Alabama is solidly Republican and there are unlikely to be any electoral surprises.

Key facts
Population: 4,73,084 (ranked 22 among states)
Governor: Don Siegelman (D)
Electoral College votes: 9
It has voted Republican in five straight presidential elections, Bob Dole carrying six of the seven Congressional districts in 1996.

The Republicans can be volatile though, with both business and religious conservatives in its ranks. In 1998 Don Siegelman was elected Democrat governor partly because of a Republican rift that de-railed the re-nomination of Governor Fob James.

1998 Congress
House of Representatives: 2 Democrats, 5 Republcans
Senate: 2 Republicans
But although Democrats retain a strong base among teachers and lawyers, Republicans have made significant gains in areas outside their traditional urban precincts.

Issues affecting Alabama are race relations and the economy.

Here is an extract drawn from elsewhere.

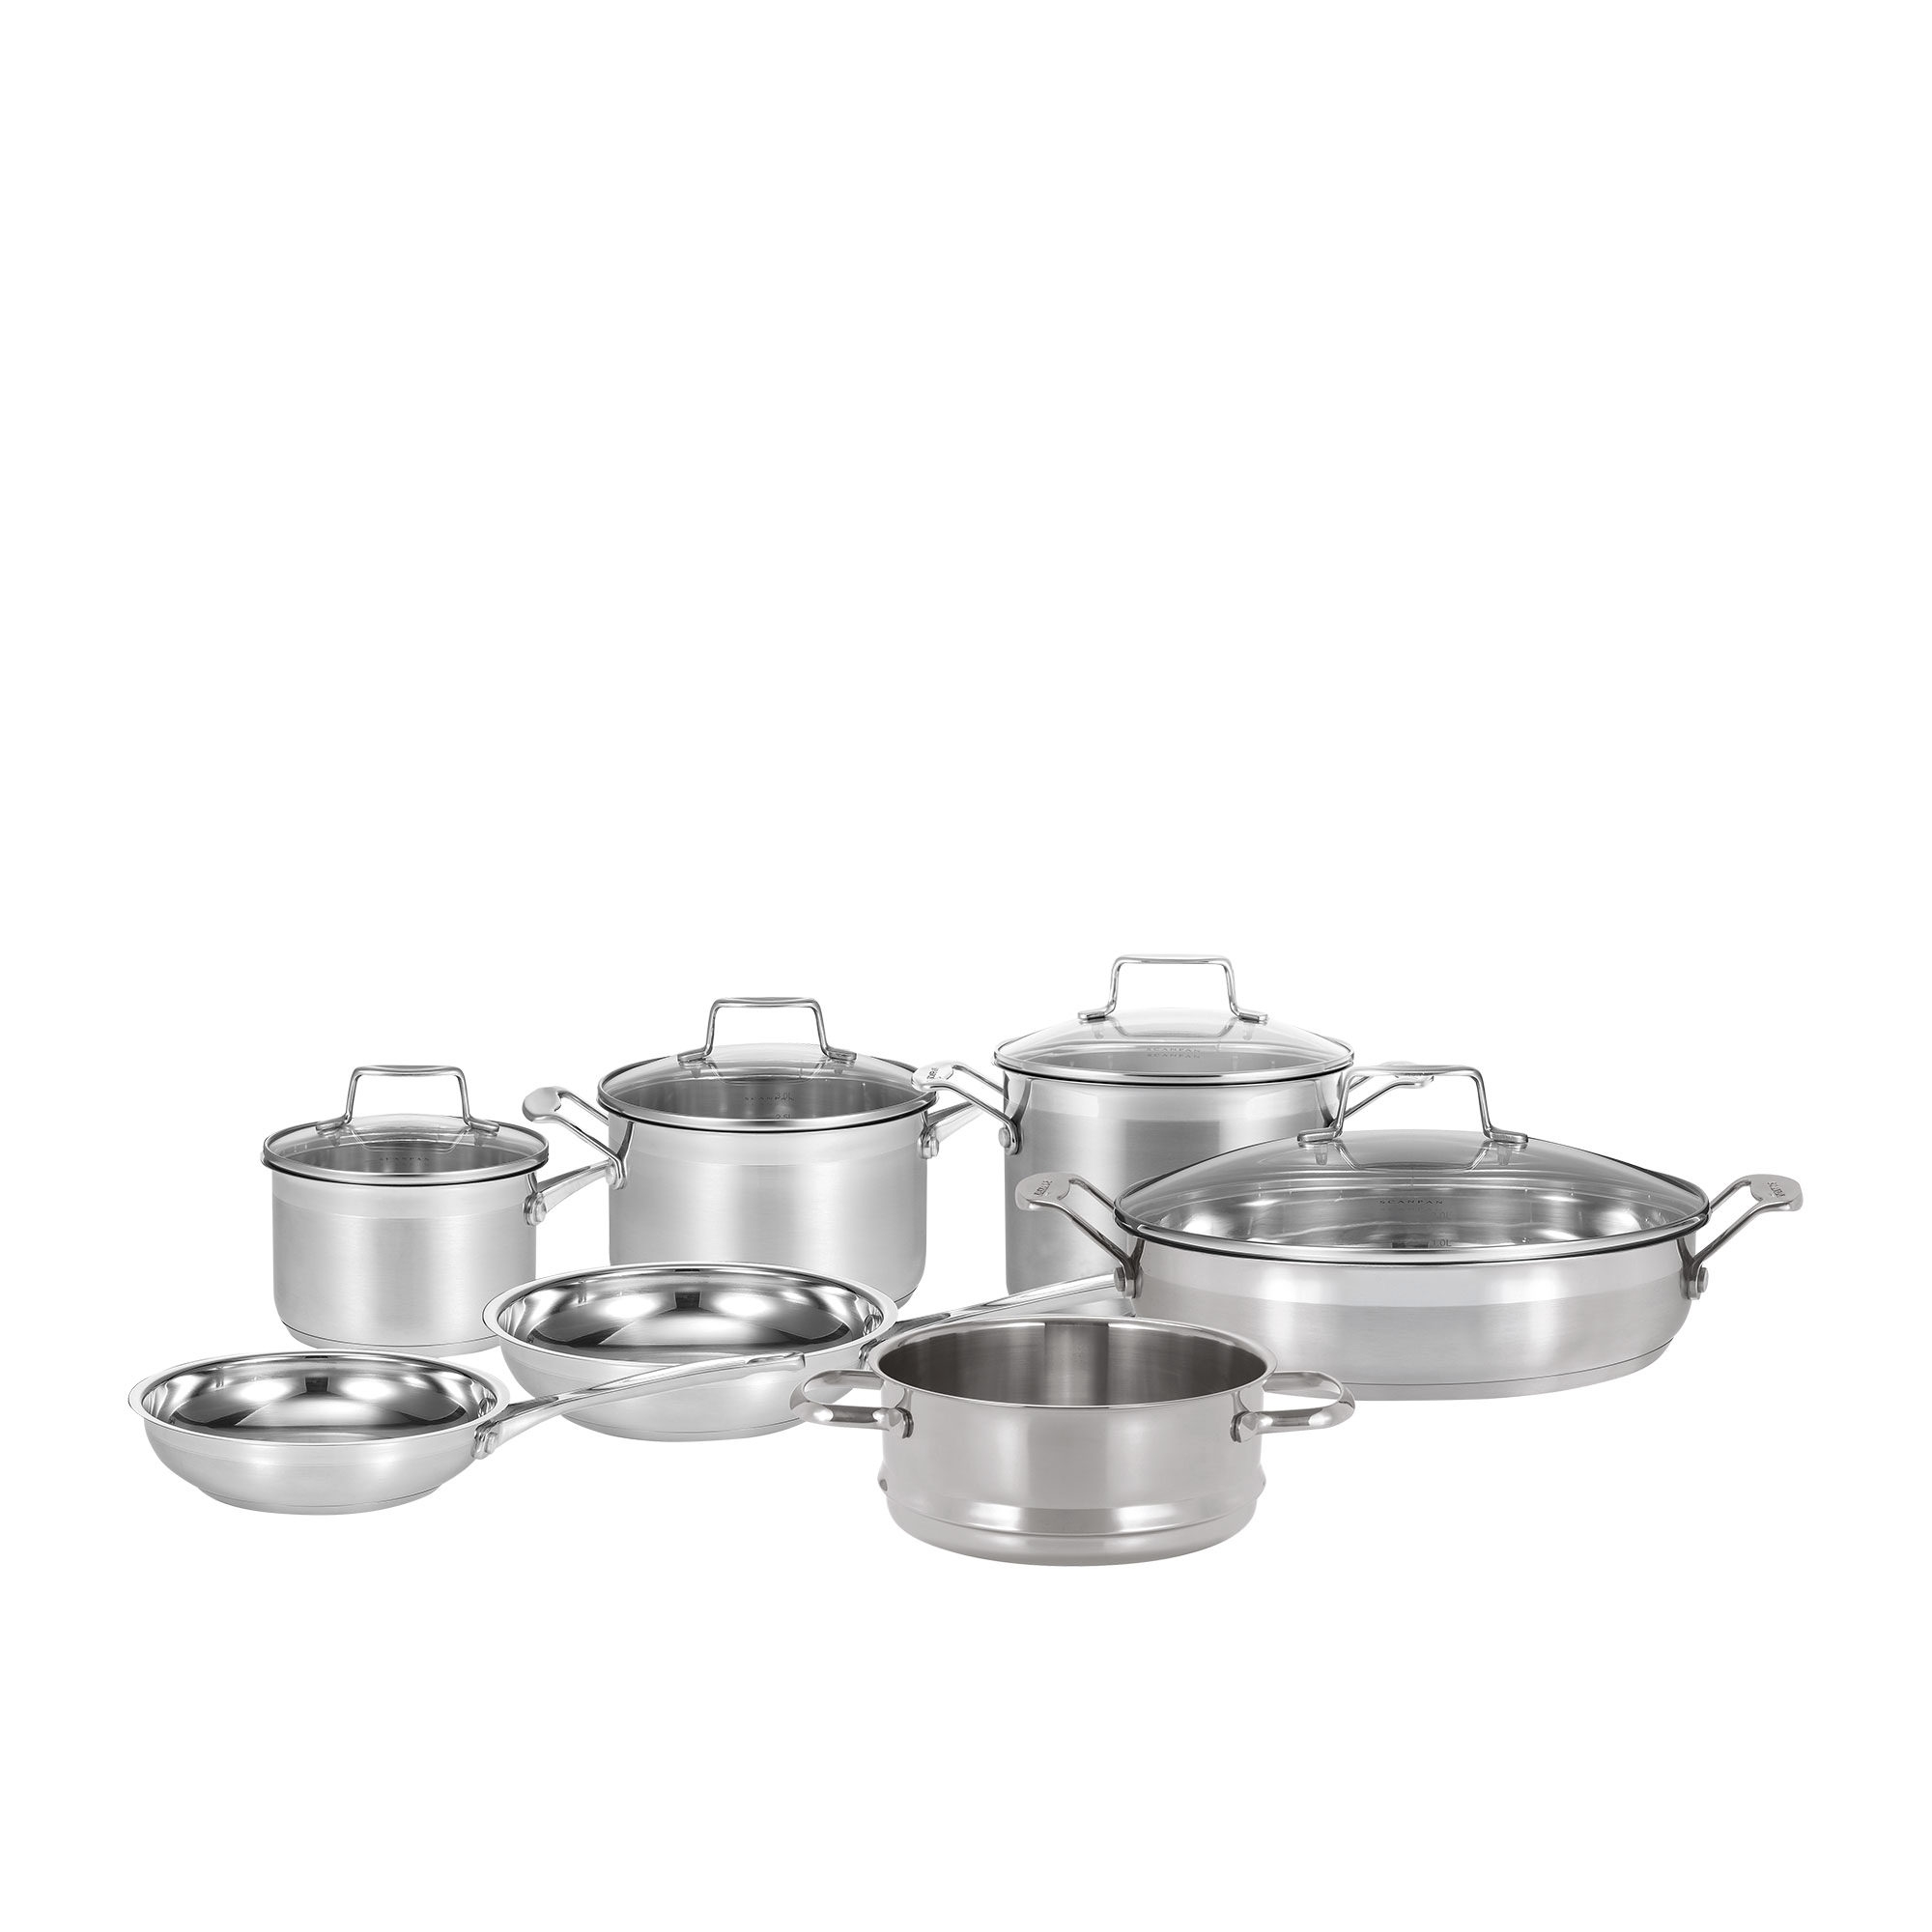 Scanpan Impact 7pc Stainless Steel Cookware Set Image 1

It was here in 1957 that Rosa Parks started the civil rights movement when she refused to move to the back of the bus. In 1963, riots in Birmingham provoked President John F Kennedy to endorse the 1964 Civil Rights Act.

Voting record
1996: Dole 50%, Clinton 43%
1992: Bush 48%, Clinton 41%
1988: Bush 59%, Dukakis 40%
But under segregationist governor George Wallace, the state's political development lagged behind the rest of the USA. Governor Wallace dominated Alabama's politics for quarter of a century, ending an era of populist Democratic dominance that had seen crusades against Wall Street and support for landmark health and housing legislation.

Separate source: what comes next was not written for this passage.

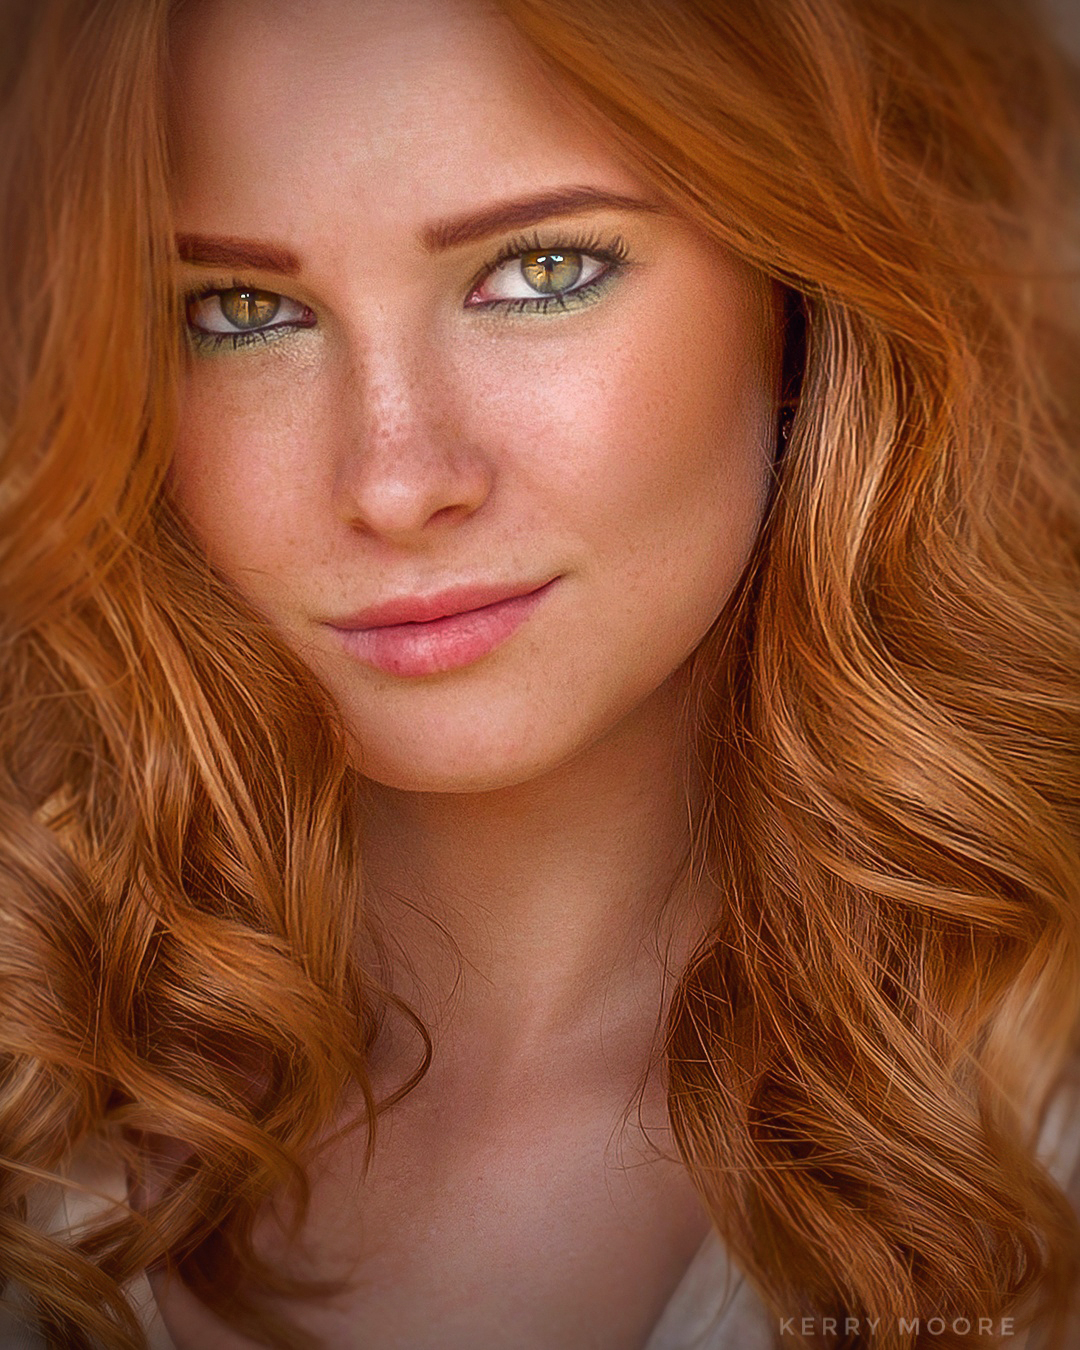 Kerry Moore Women Redhead Makeup Long Hair Wavy Hair Eyeliner Freckles Portrait Model 1080x1350

Under Wallace, Alabama resisted integration and its economy suffered. The mills, shipyards and factories that had driven the economy of one of the South's most industrialised state's declined as world demand fell during the 1970s and 1980s.

Today Alabama is experiencing patchy economic growth. The southern seaboard around Mobile is thriving, its shipyards and chemical plants busy and running. In Birmingham a new economic base centred largely on health care and banking, is bringing prosperity and improved race relations. But the Fourth District is still suffering from job losses and foreign competition.